The pioneers who came to western Iowa in the mid-1800s often noted in their diaries that grasses grew tall on these prairie lands. In fact, some wrote that their cattle could get lost in the jungle of vegetation, and a fellow would need to stand up on a horse to find the missing herd.

While some comments about the new land can be passed off as hyperbole, there is no doubt that the nation’s agricultural lands were once fertile and deep, full of organic matter and the web of soil life. And the land was in balance. Mother Nature grew these fabled forages without having to go to the bank to take out an operating note to buy a single crop input.

Growing more food while restoring resources is agriculture’s job for the 21st Century. Agriculture is evolutionary, defined by broad movements as the ebb and flow of time changes the nature of farming. As the collective mind of agriculture becomes enlightened, farmers set off on new directions.

The Dust Bowl years brought on an era of soil conservation, a trend that extended through the end of the 20th Century and still is important today.

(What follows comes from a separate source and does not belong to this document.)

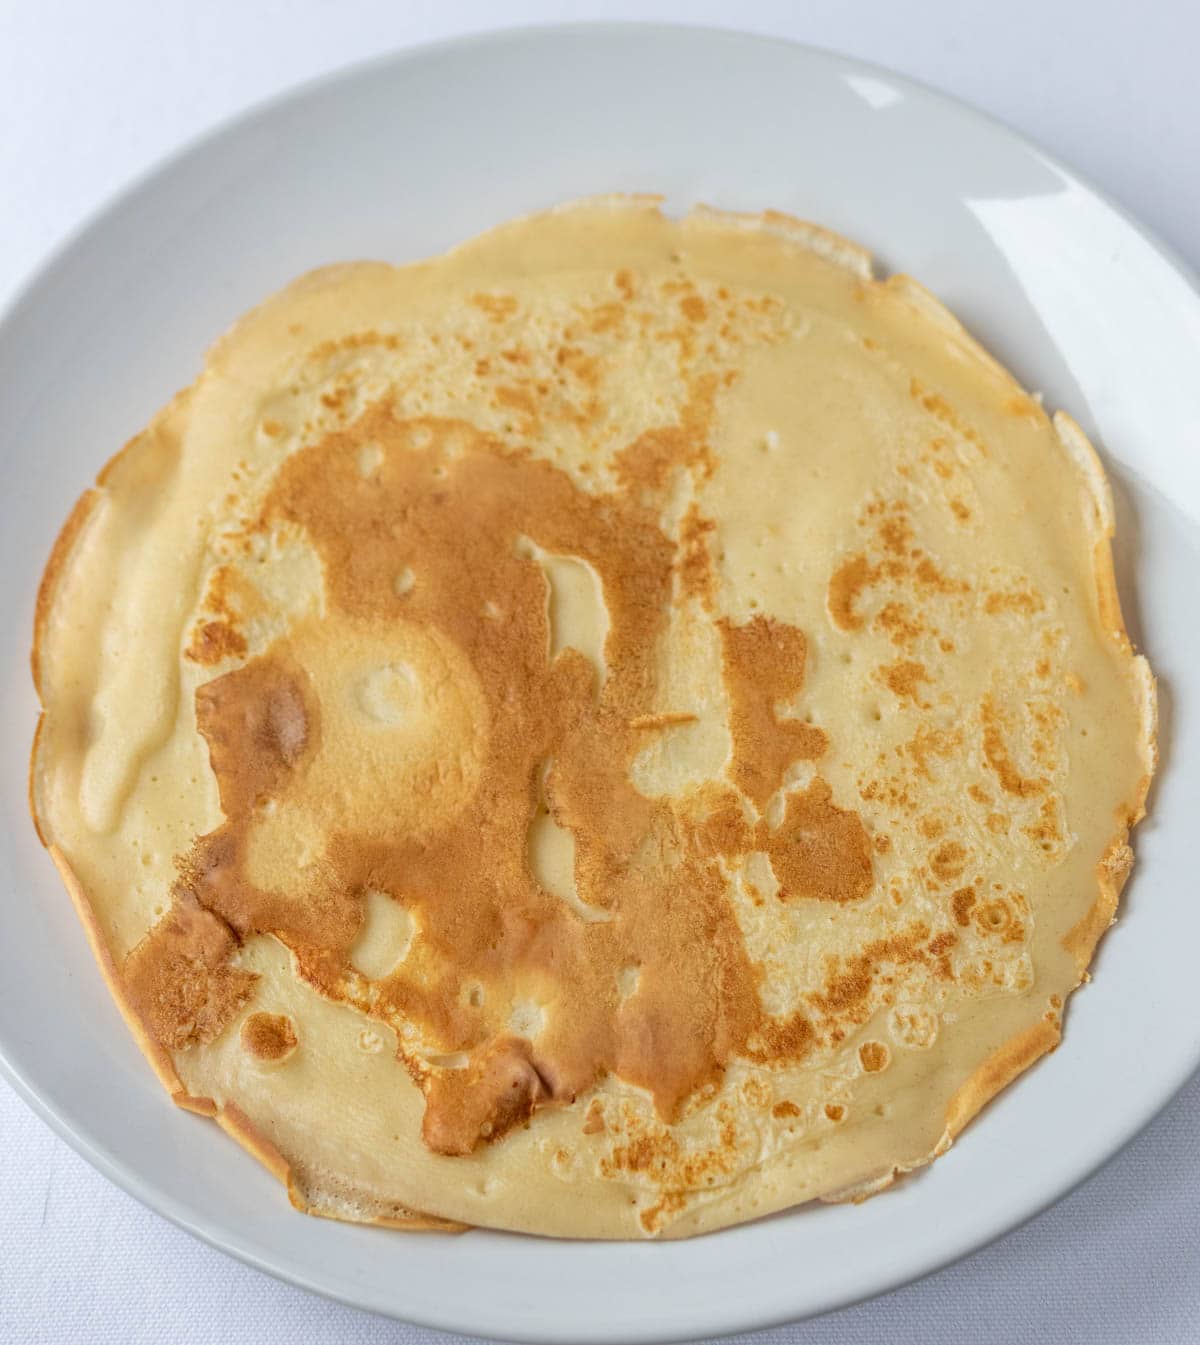 Savoury pancake on a plate.
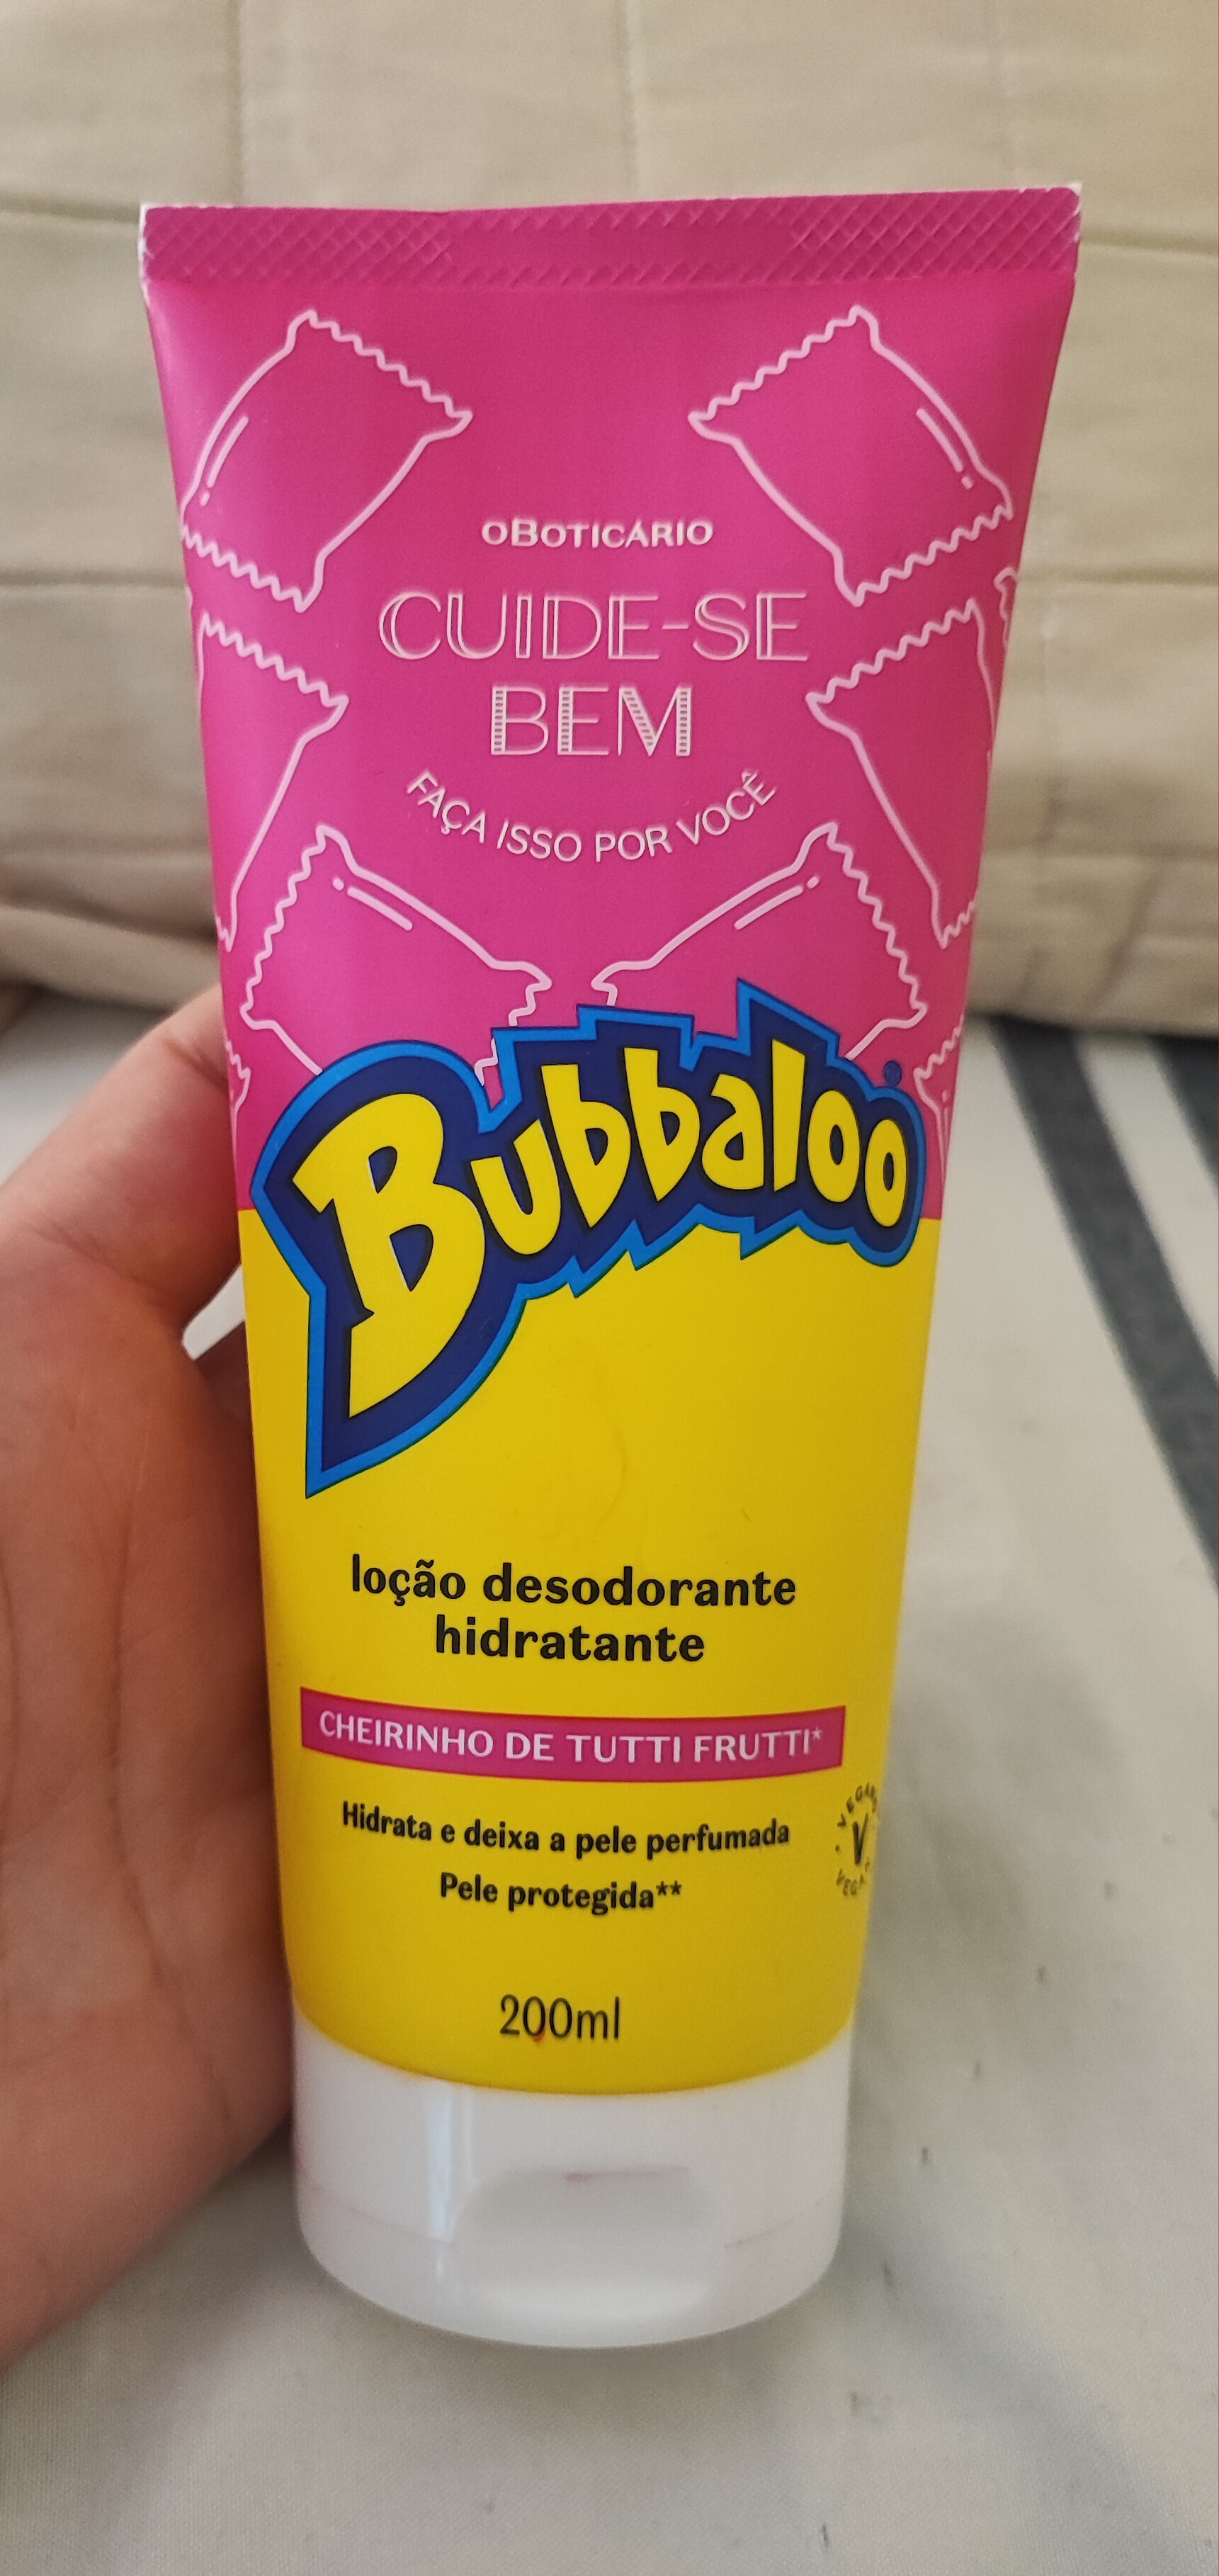 loção desodorante hidratante babbaloo - Produit - pt

But our new century will be defined by The Great Restoration. This effort cuts across all important aspects of agriculture’s implied covenant with consumers; from restoring soil health to protecting pollinators to bringing new life to rural communities. Sustainability is a term tossed about with ease these days, but from society’s standpoint, food production must be sustainable. There is no other option.

There’s also a new emphasis on farming legacy these days. And from society’s standpoint, nothing could be more valuable than passing the farming craft from generation to generation.

That’s why you are seeing more involvement today from groups ranging from government agencies to agribusinesses, universities to environmental groups, all stepping up to support (and help finance) this potential new direction for agriculture. And financial support will be a key. It often takes more than $200 an acre just to buy the seed mix that supports butterfly habitat, for example, and society will need to help bankroll the effort.

But this need also spurs the cooperation between environmental activists and the farmer (who ultimately is the most important environmentalist). Restoring agriculture from the ground up helps feed the world while helping farmers cut input costs. But this approach also falls in line with the dream of environmentalists to protect water quality, provide greater biodiversity, and cut pesticide use.

The new slogan for agriculture is a non-slogan; responsibly producing food, fuel, and fiber while restoring the planet. Never will we return to the days of the unbroken prairie. But the people you will meet in this special issue are focused on bringing back the unbroken glory. We hope you enjoy their stories.